Opinion

Commentary: My Online School Just Got an ‘F’ on Our State Report Card. Why I’m Proud of My School and What We Do for Our Students

By Melissa Brown | October 3, 2018

How many people get to land their dream job? Wake in the morning eager to get to work and end each day already strategizing the next? Achieve alignment of personal and professional vision and mission? That’s me.

I’m the leader of an online public school — that received a failing letter grade. So why am I so proud?

Eight years ago, I was charged with opening Indiana’s first full-time online school, serving students in grades K-12. Indiana Connections Academy remains both my passion and my profession and has provided a front-row seat for the good, the bad, and the ugly aspects of our ongoing debate about online schools.

INCA is measured by the same accountability system as any other public school in Indiana; on the 2016-17 report card issued by the Indiana Department of Education, we earned an F. We own that grade and work tirelessly to improve it. Accountability data don’t lie, but they don’t tell the whole story, either.

Case in point: mobility.

INCA, like many Indiana charter schools, serves a highly mobile student population. Over 30 percent of our high school students come to us off-cohort, meaning they are not on track to graduate on time. We welcome the challenge of serving these students, but it has major implications for our accountability scores and graduation rate.

Switching schools affects student performance. For example, research shows that there is often a short (one-to-three-year) decline in state test scores when a student enters a new learning environment. In any given year, more than half of INCA students are in their first or second year at the school, so this switching effect has a huge impact. This is not an excuse. It’s our reality.

Data show that if a student stays with INCA for three years or more, he or she will improve academically. We are moving the needle.

There are times when districts send students to us because they no longer know what to do to help them. We serve these students, even though INCA is not designed to be a credit recovery program or alternative school.

This impacts our school’s grade, but it isn’t fair — or good public policy — to blame a school that enrolls overage or credit-deficient students who don’t graduate with their cohort. Accountability should reflect student progression. For high schools, the key metric could be rate of credit accumulation while the student was enrolled, not the four-year graduation rate, which too often holds one school accountable for the failure of another.

Because changing schools is difficult for any student, perhaps measures of academic growth could exclude students who are in their first year in a school. These students will likely show a dip in achievement simply due to the switch, regardless of the quality of the school.

INCA’s class of 2019 is nearing 900 students, but only 247 were with us last school year. This means that three-quarters of our upcoming graduating class is new to us, and it stands to reason that those students have struggled in other academic settings and look to us as a last chance for success.

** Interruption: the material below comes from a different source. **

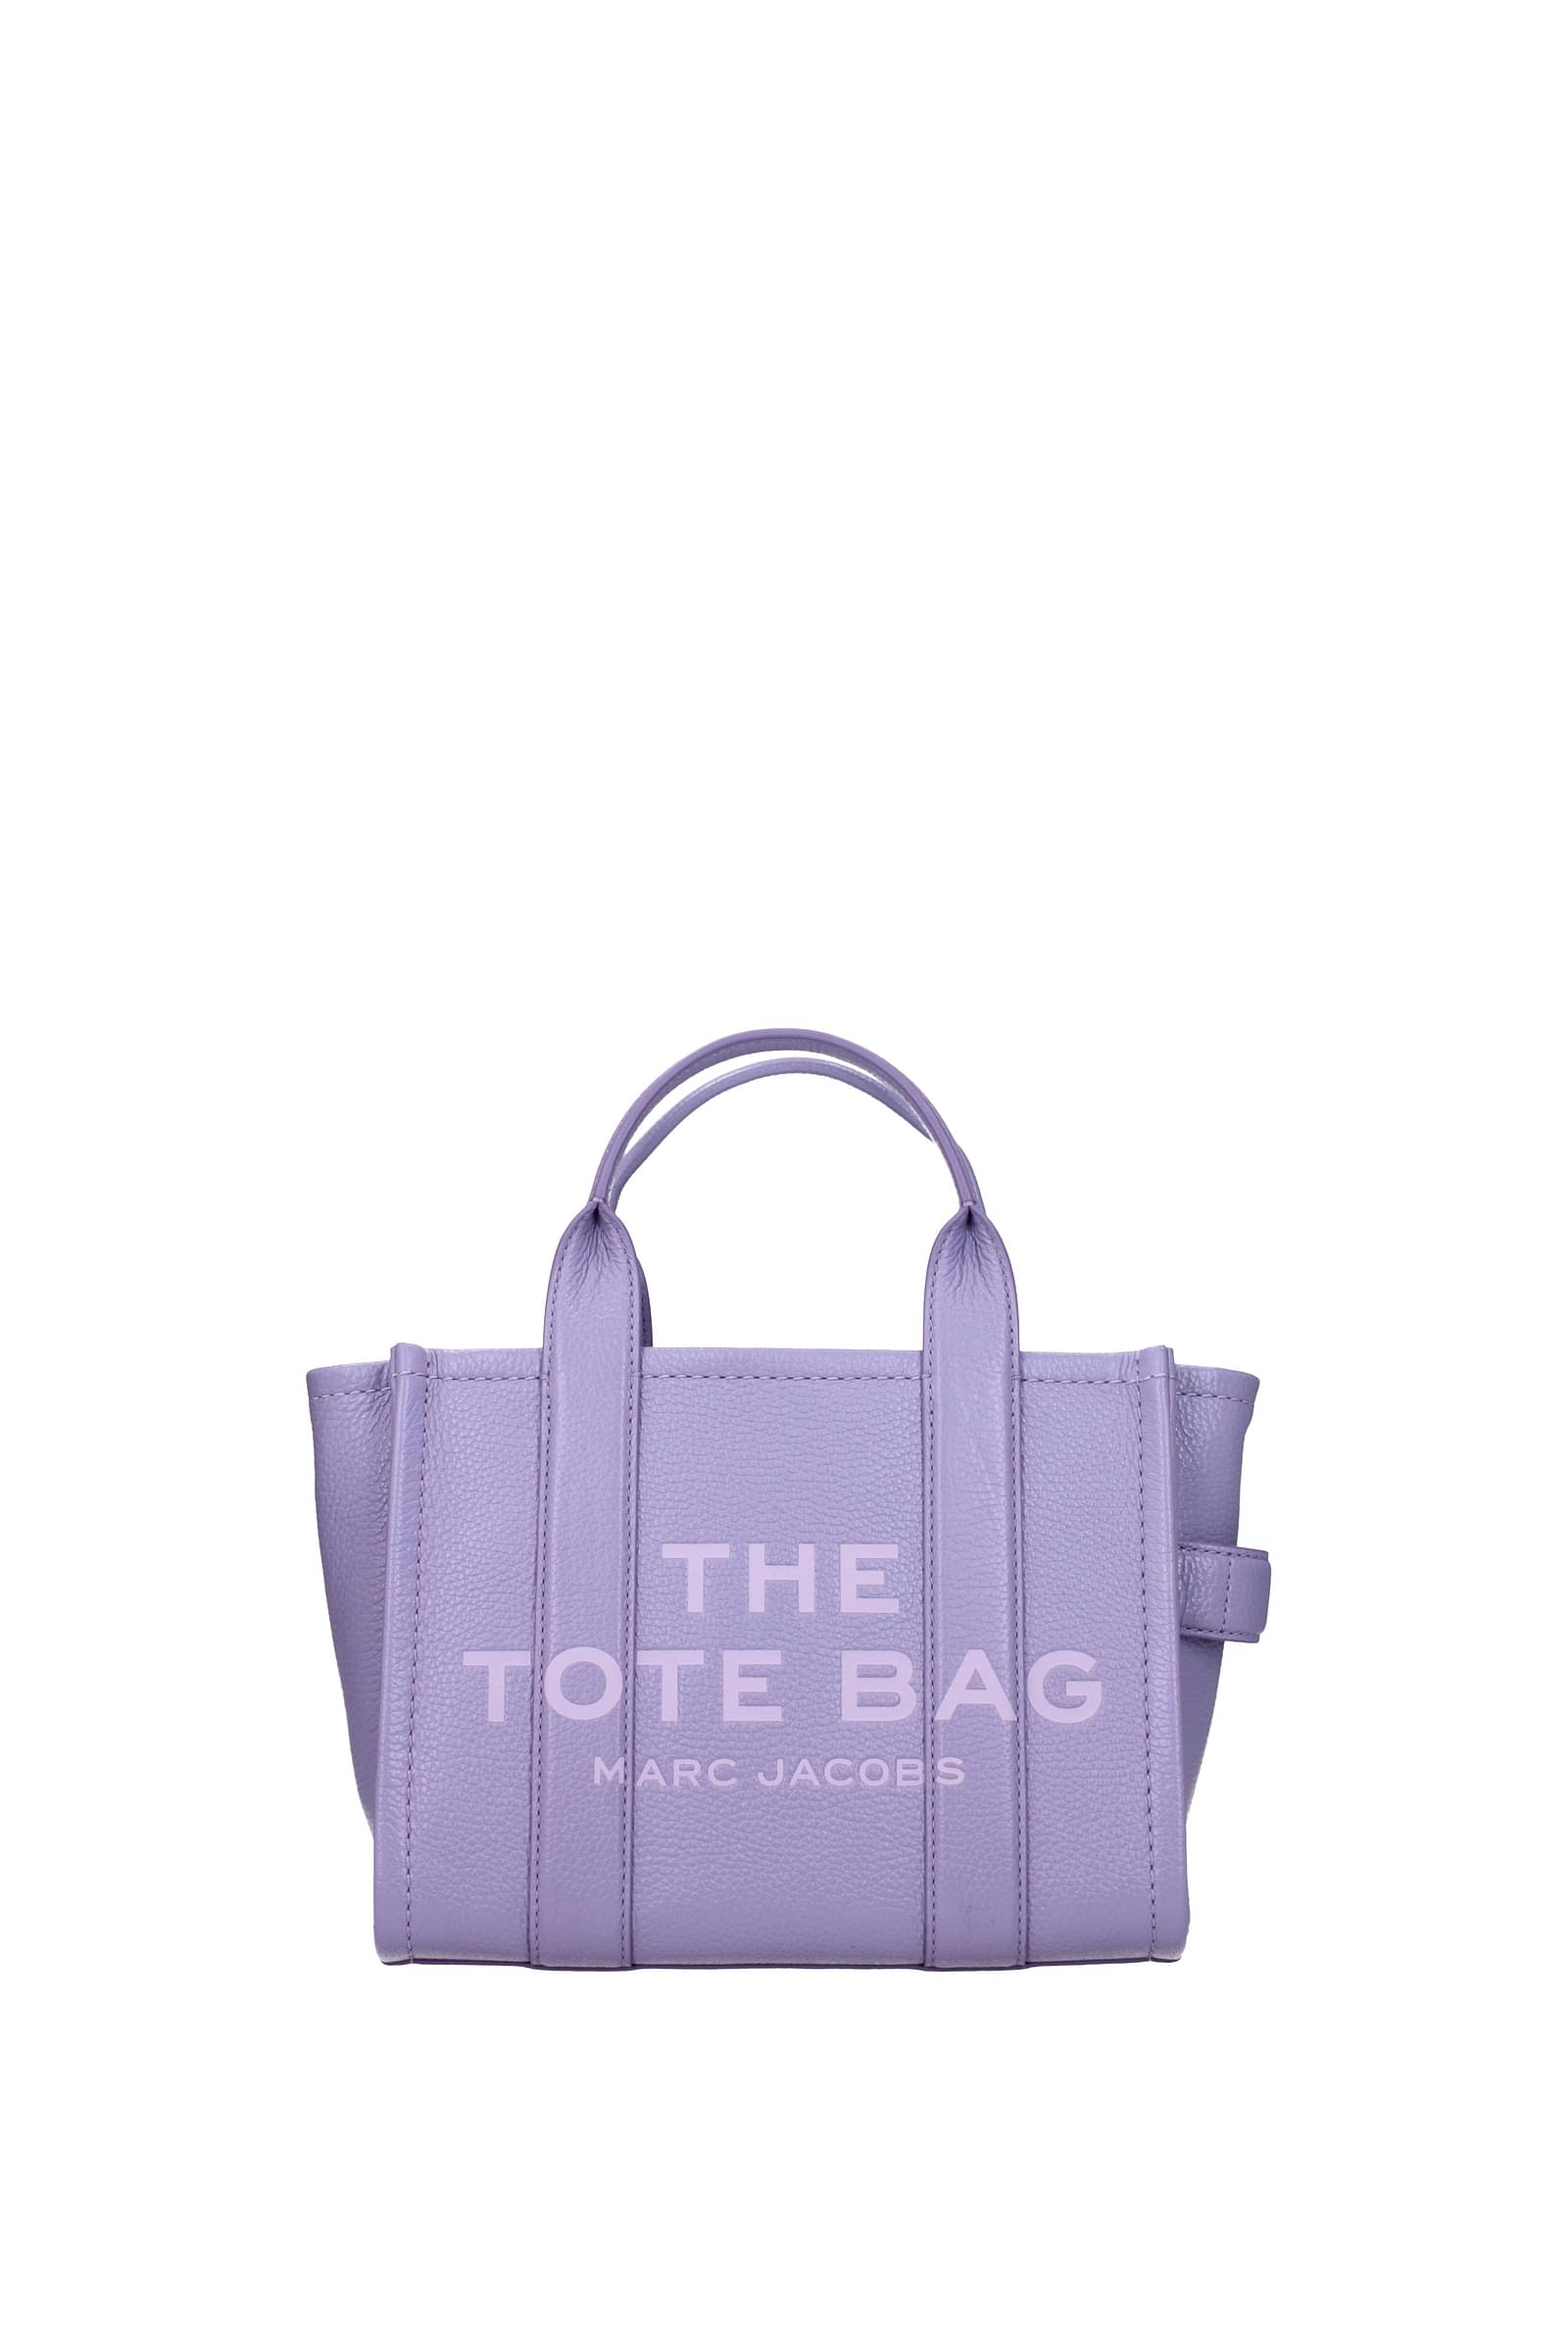 Marc Jacobs Handbags the tote bag Women M0016493481 Fabric Blue Blue Shadow  156€

Our school could be more accurately assessed if some of the above factors are considered.

Three years ago, we watched a high-achieving student return to her traditional school during her sophomore year after battling a drug addiction that changed the course of her life. Two years ago, we served a young woman with a terminal illness. Her “make a wish” was to stay in school. We helped her feel challenged and strong as she battled against cancer while working toward her goal of earning a diploma. Last year, we enrolled a young man whose “friends” had encouraged him to kill himself just months before. At INCA, he stayed focused on academics while getting the counseling he needed. After several months, his mother called to say she had “got her son back.”

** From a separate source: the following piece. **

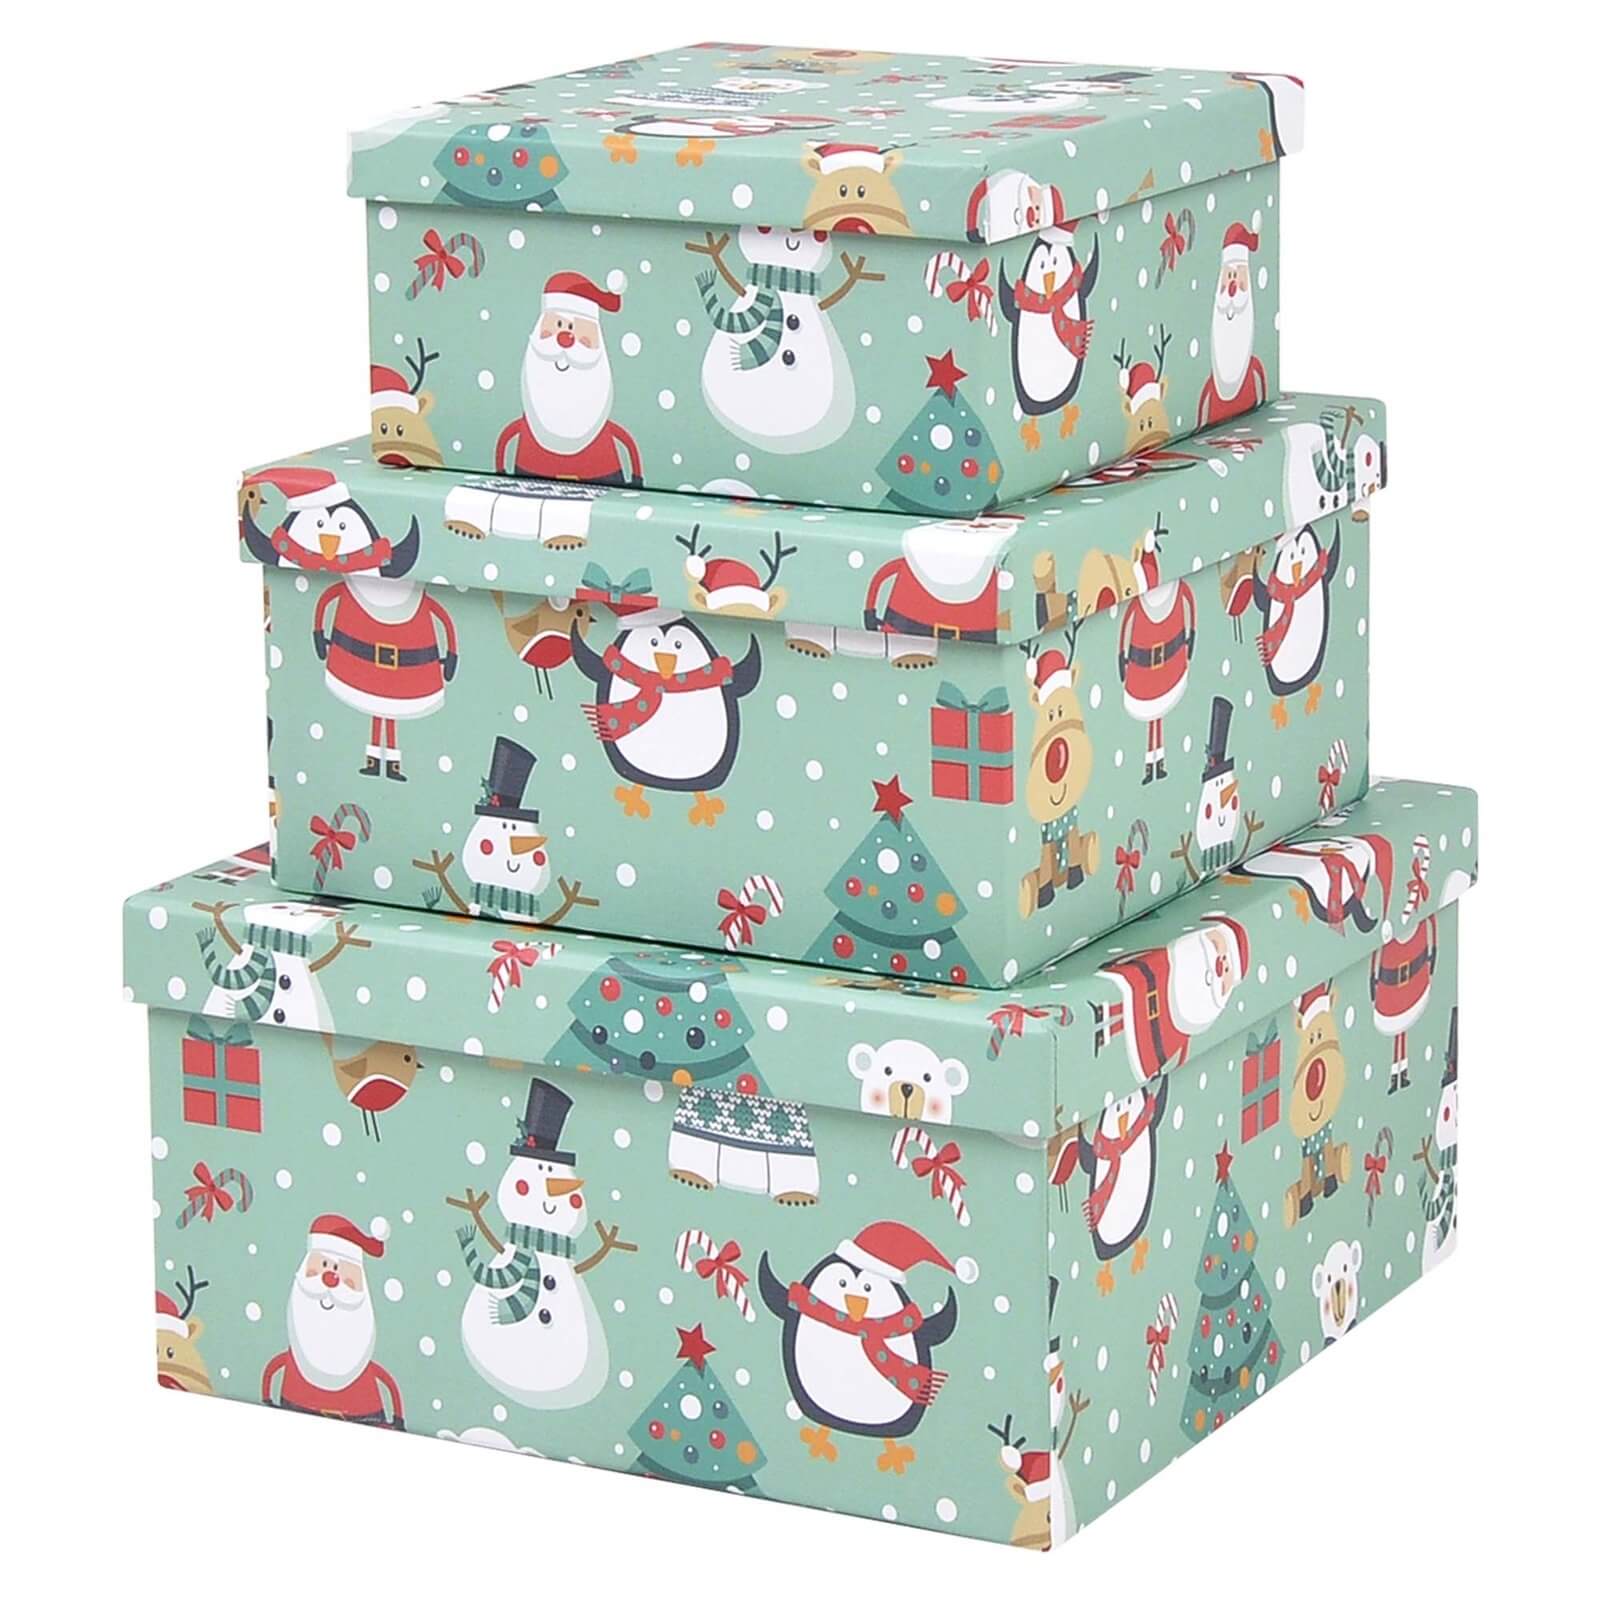 Christmas Eve Box - Father Christmas

We count these as successes. But where is the column on the state report card that indicates “lives saved” when measuring a school?

It’s time to change the conversation. Incredible things are happening in many online schools. I invite educators and policymakers to consider these suggestions for accountability to help us get better, not count us out. Help us figure out a way to measure success so it reflects what is happening in all schools, not just those that fit the traditional model.

Melissa Brown is executive director of Indiana Connections Academy.